In de tijd dat ge nog schoenen droeg was alles anders. Met schoenen stond ge altijd sterk en stevig op uw poten, waart ge klaar om er tegen aan te gaan. Gelaarsd en gespoord stond ge aan de meet, gereed om de hele wereld te veroveren. Maar de schoenen maken u ongevoelig. Ge leeft op te grote voet en ge blijft blind voor de afdruk die ge achterlaat. Met uw zevenmijlslaarzen aan stapt ge overal door- en overheen. Na ons de zondvloed.

Met schoenen aan voelt ge u mooier, groter en vaak ook beter dan de ander. En die ander loopt u daarbij steeds vaker voor de voeten met zijn rare schoenen aan, zijn vreemde zeden en rare gewoonten, zijn afwijkende mening. Verander, roept ge dan, en als ze niet snel genoeg luisteren schopt ge hen een geweten tot hun schenen blauw zien. De wet van de sterkste draagt zwartleren laarzen met stalen tippen.

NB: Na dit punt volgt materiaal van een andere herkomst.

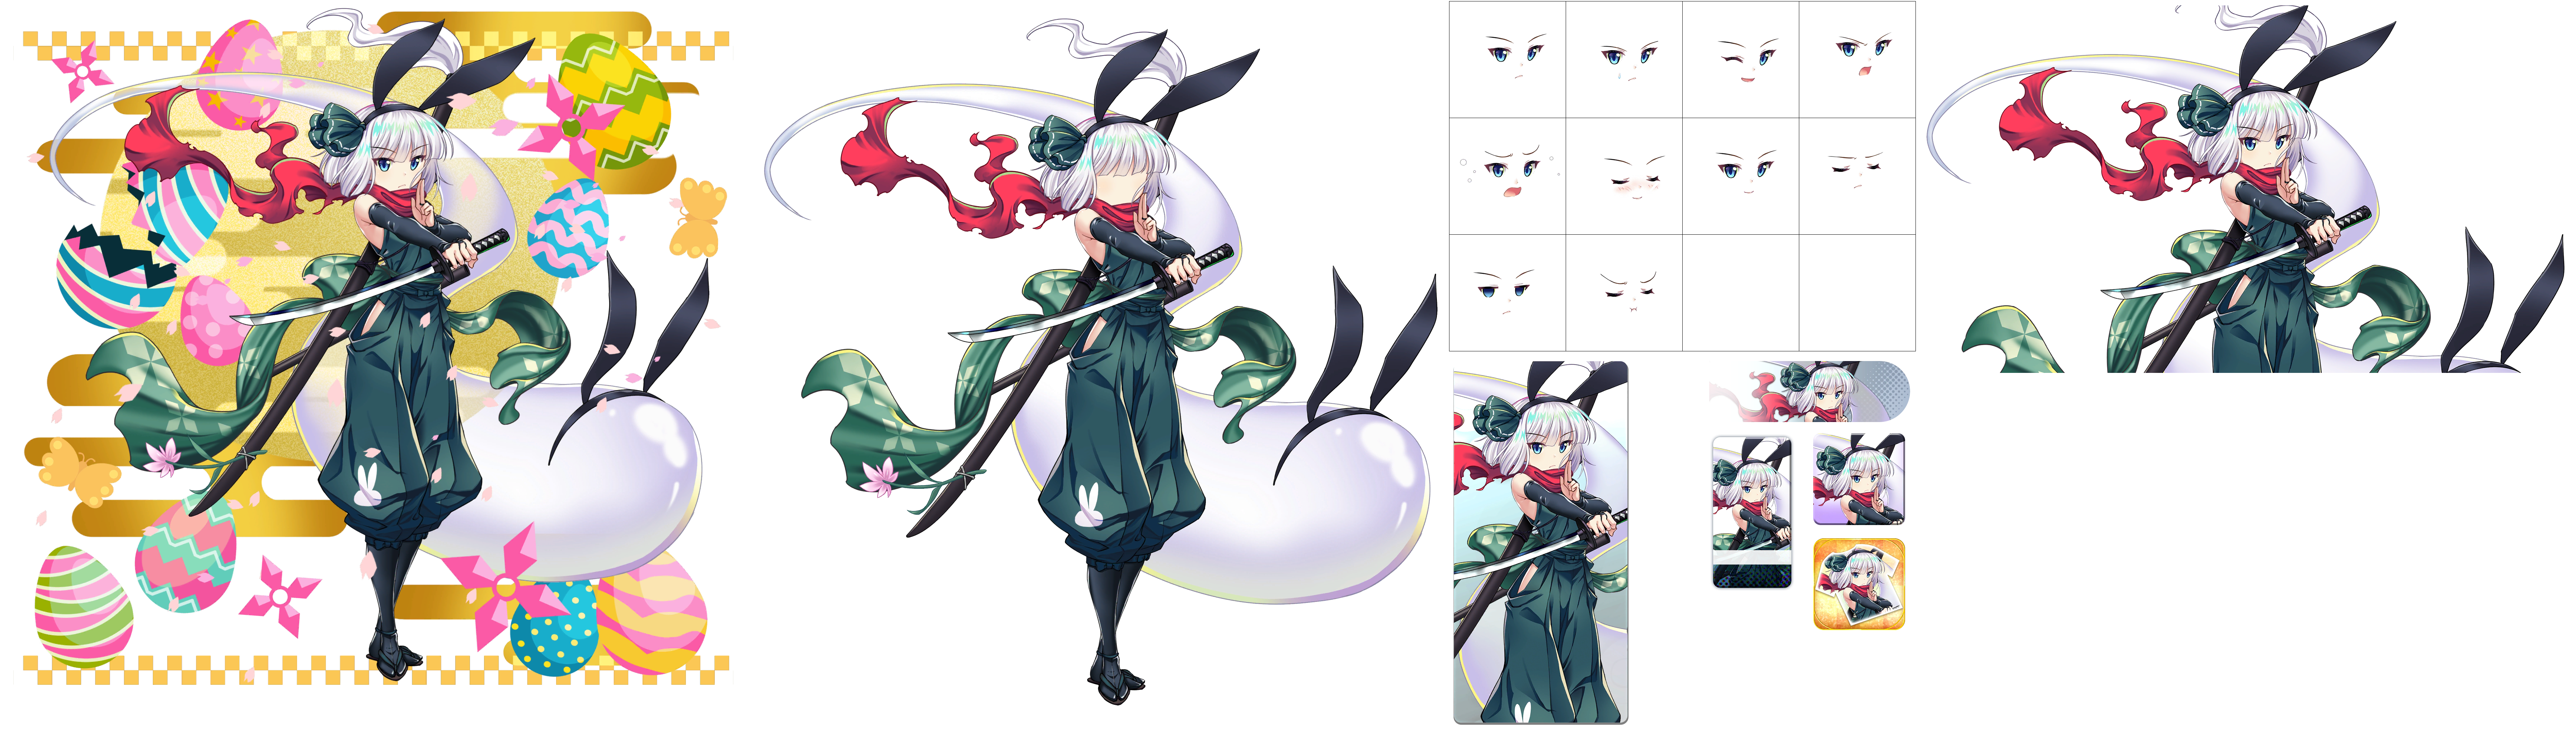 Touhou LostWord - Youmu Konpaku (Bunny Ninja Spirit)

Maar zo verliest ge voeling met de aarde onder en de mensen rond u. Ge vergeet de grond der dingen en ge lacht met het in de modder rondscharrelend kwetsbaar schepsel dat ge ooit ook zelf waart. Want zo zijt ook gij geboren: klein, weerloos en zonder schoenen. Op blote voeten zijn we allemaal op dezelfde leest geschoeid. Dat zijt ge in de loop der tijden niet alleen vergeten, ge hebt zelfs de herinnering aan het vergeten vakkundig de grond in gestampt en vervolgens onder de hiel van uw zwarte laarzen tot stof vermorzeld.

Maar de tijd van stampen is voorbij. Nu kiest ge voor lichtvoetigheid. De sokken aan uw voeten zijn als balsem voor uw zwartgalligheid. Op sokken wordt alles zachter. Op kousenvoeten wordt niets veroverd, niks vermorzeld. Mildheid en mededogen schieten als vanzelf wortel in het zacht tapijt onder uw voeten.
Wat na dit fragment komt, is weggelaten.